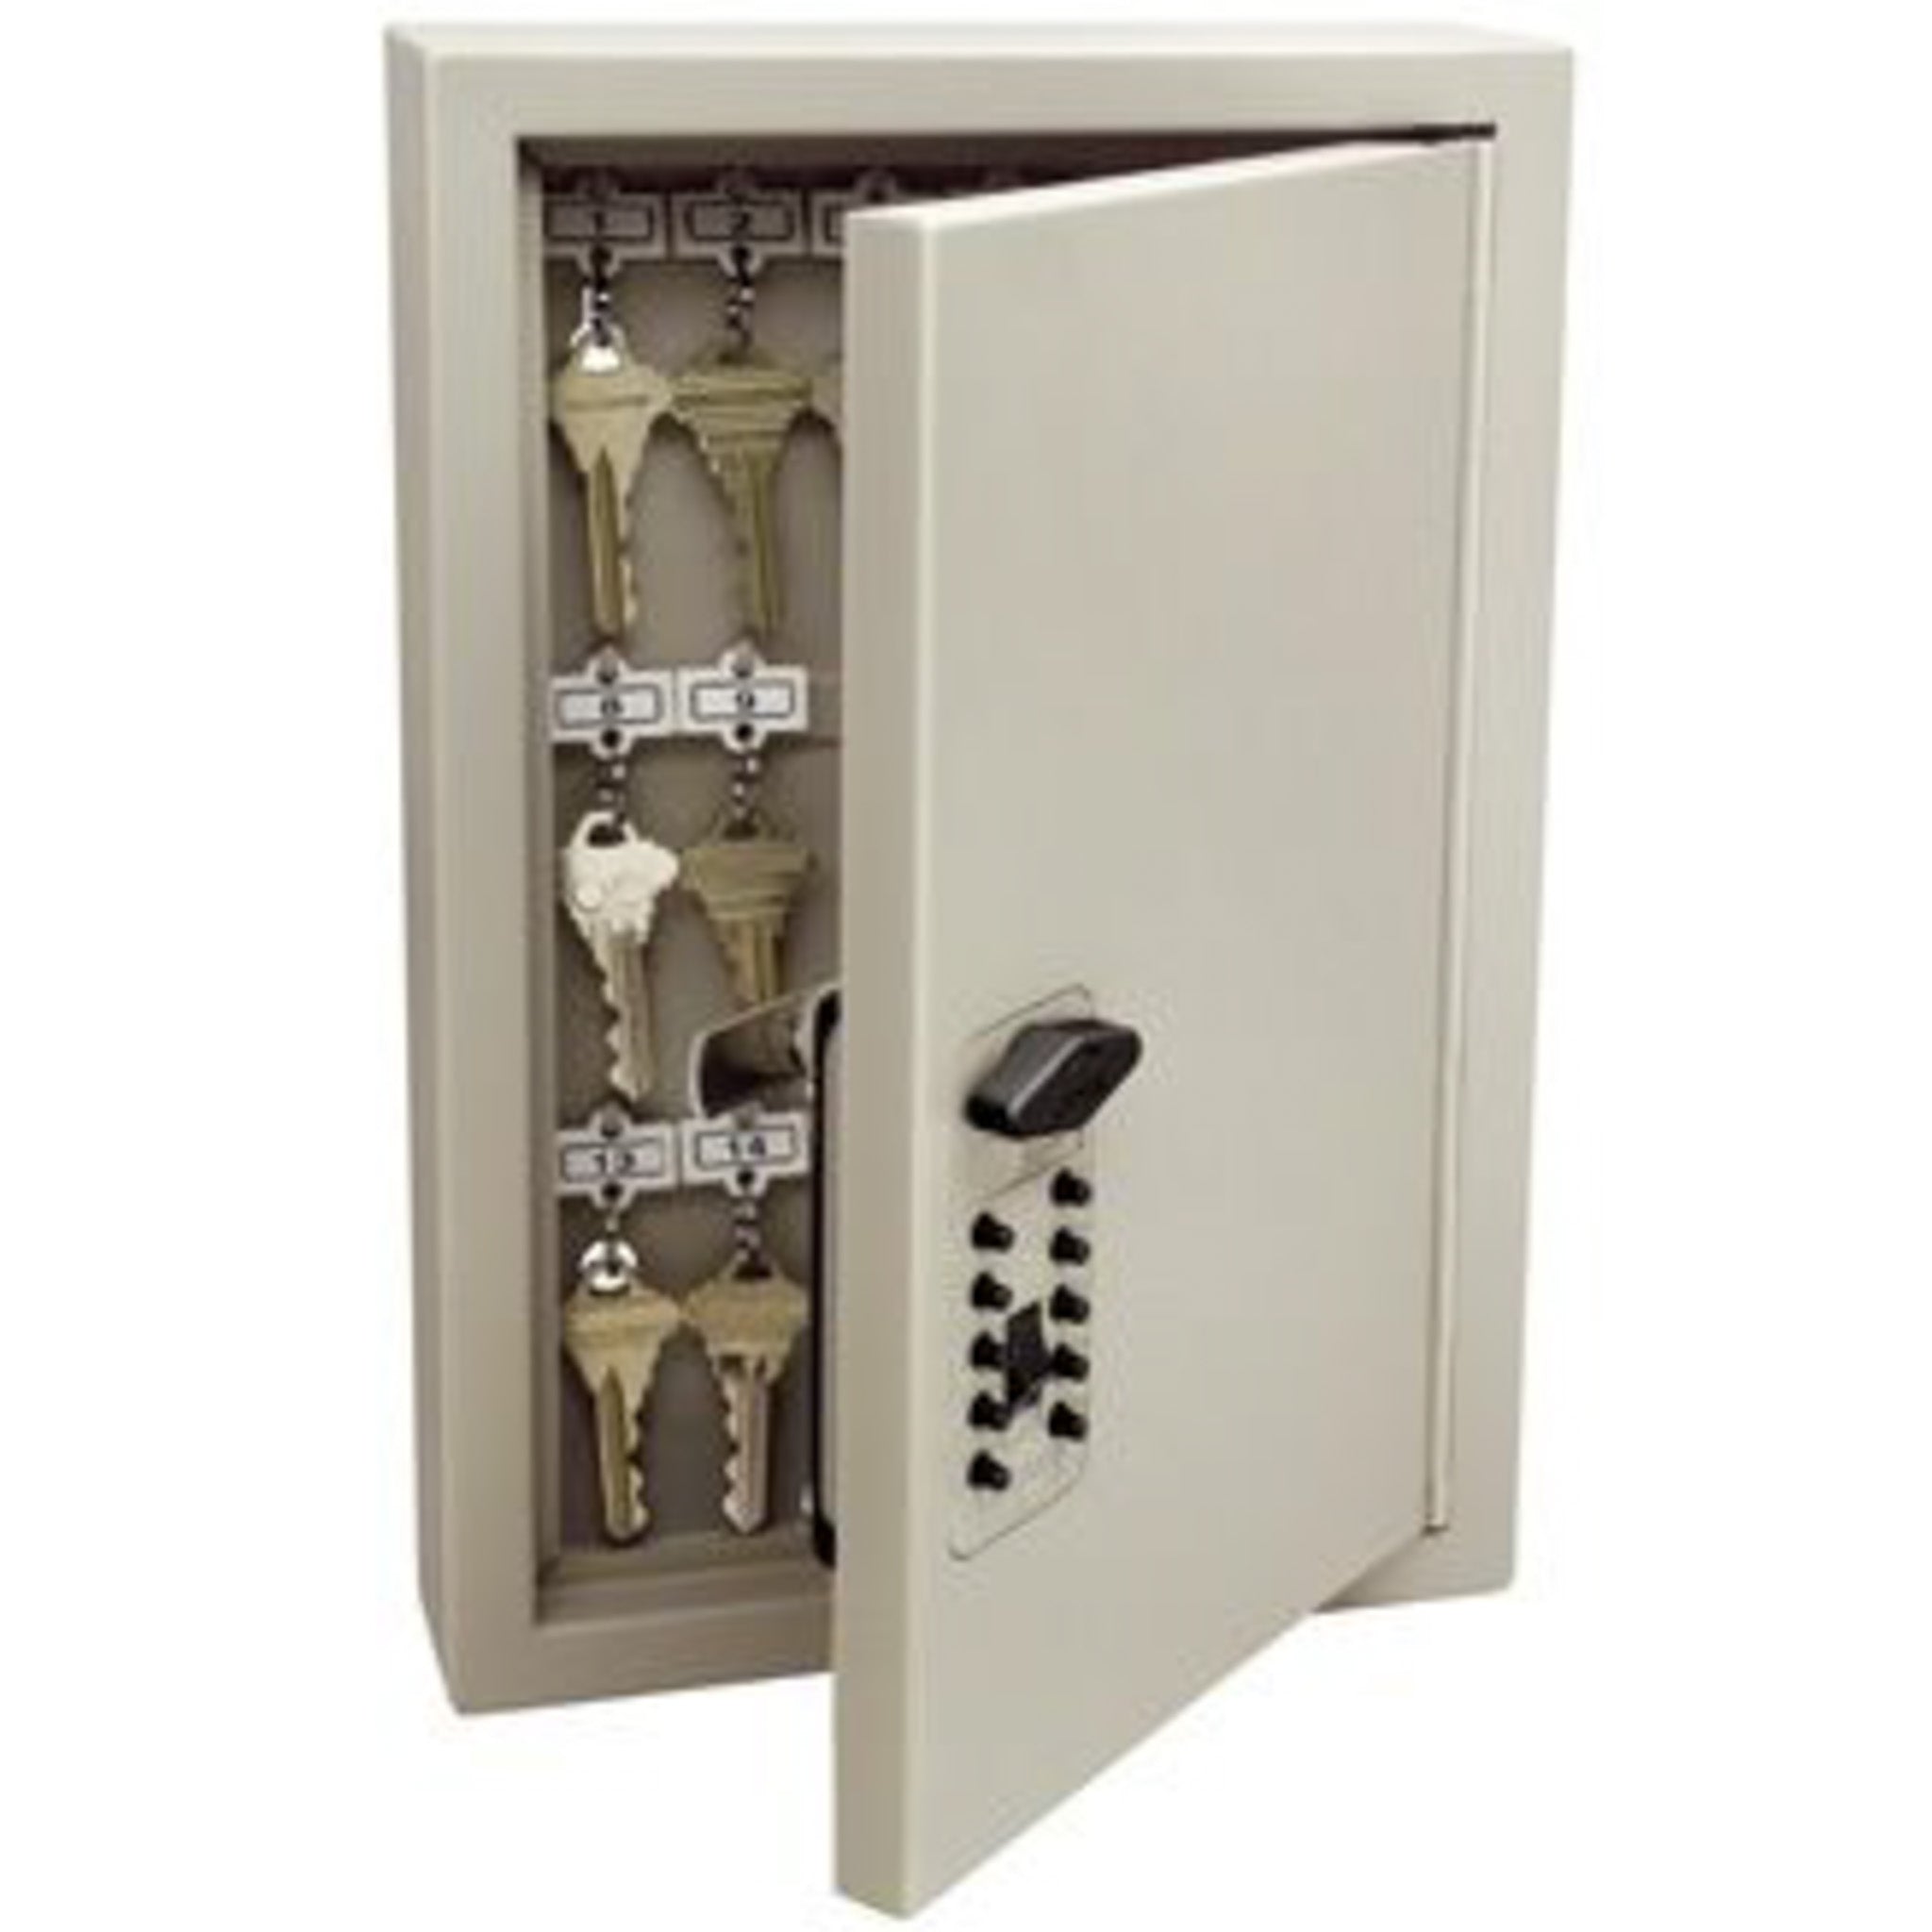 Open Kidde combination lock key cabinet showing key hooks for capacity of 30 keys
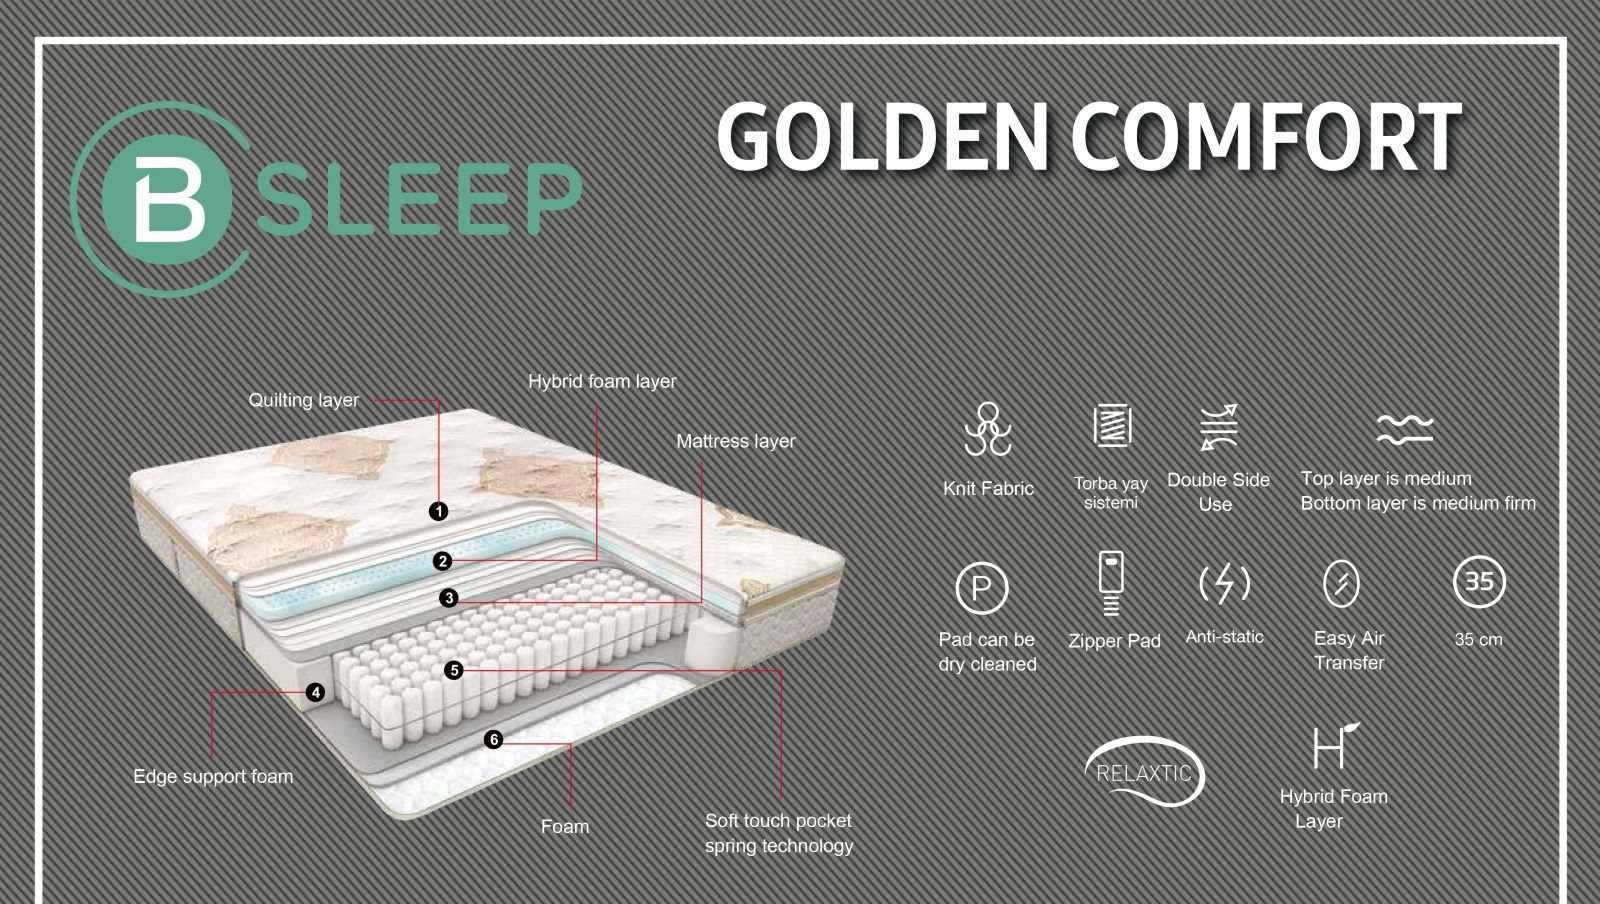 Golden comfort
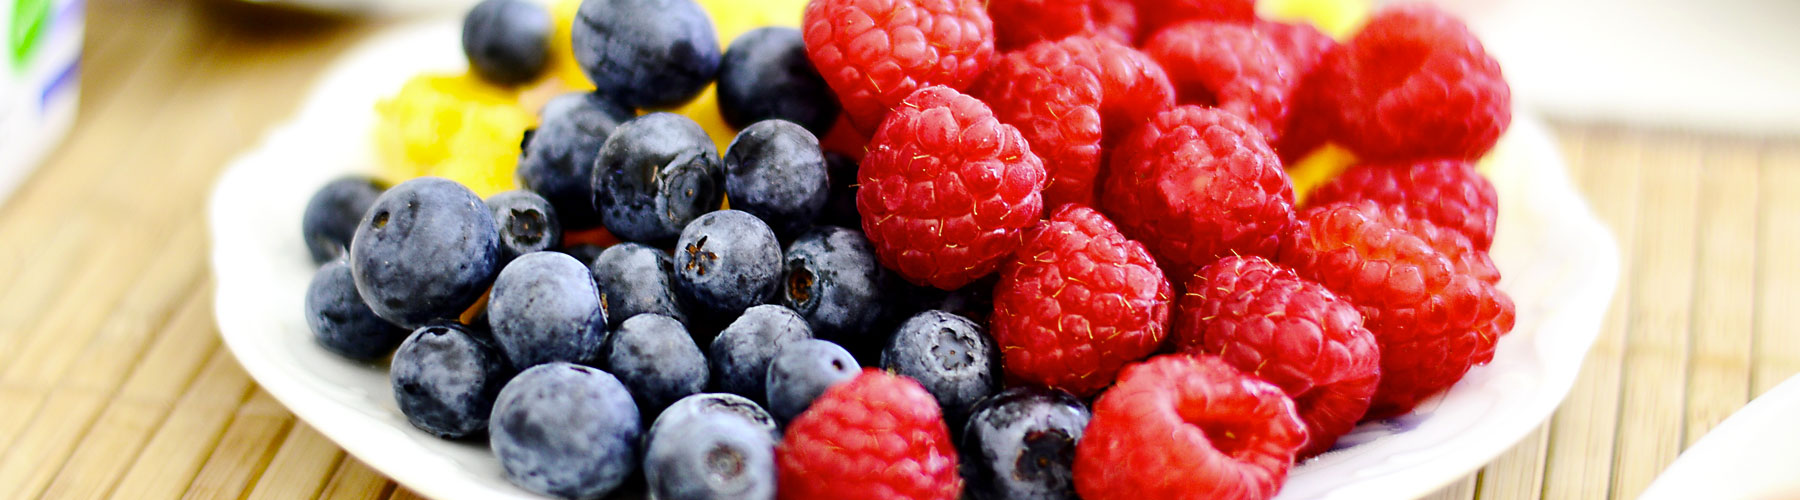 Berries Raspberries Blueberries - Lynden

* _Exercise goal_
Starting at the line that holds "Golden comfort", copy each line exactly through the end of the listing, both ends included. Leave the pictures out.

* _Task output_
 Golden comfort
 Berries Raspberries Blueberries - Lynden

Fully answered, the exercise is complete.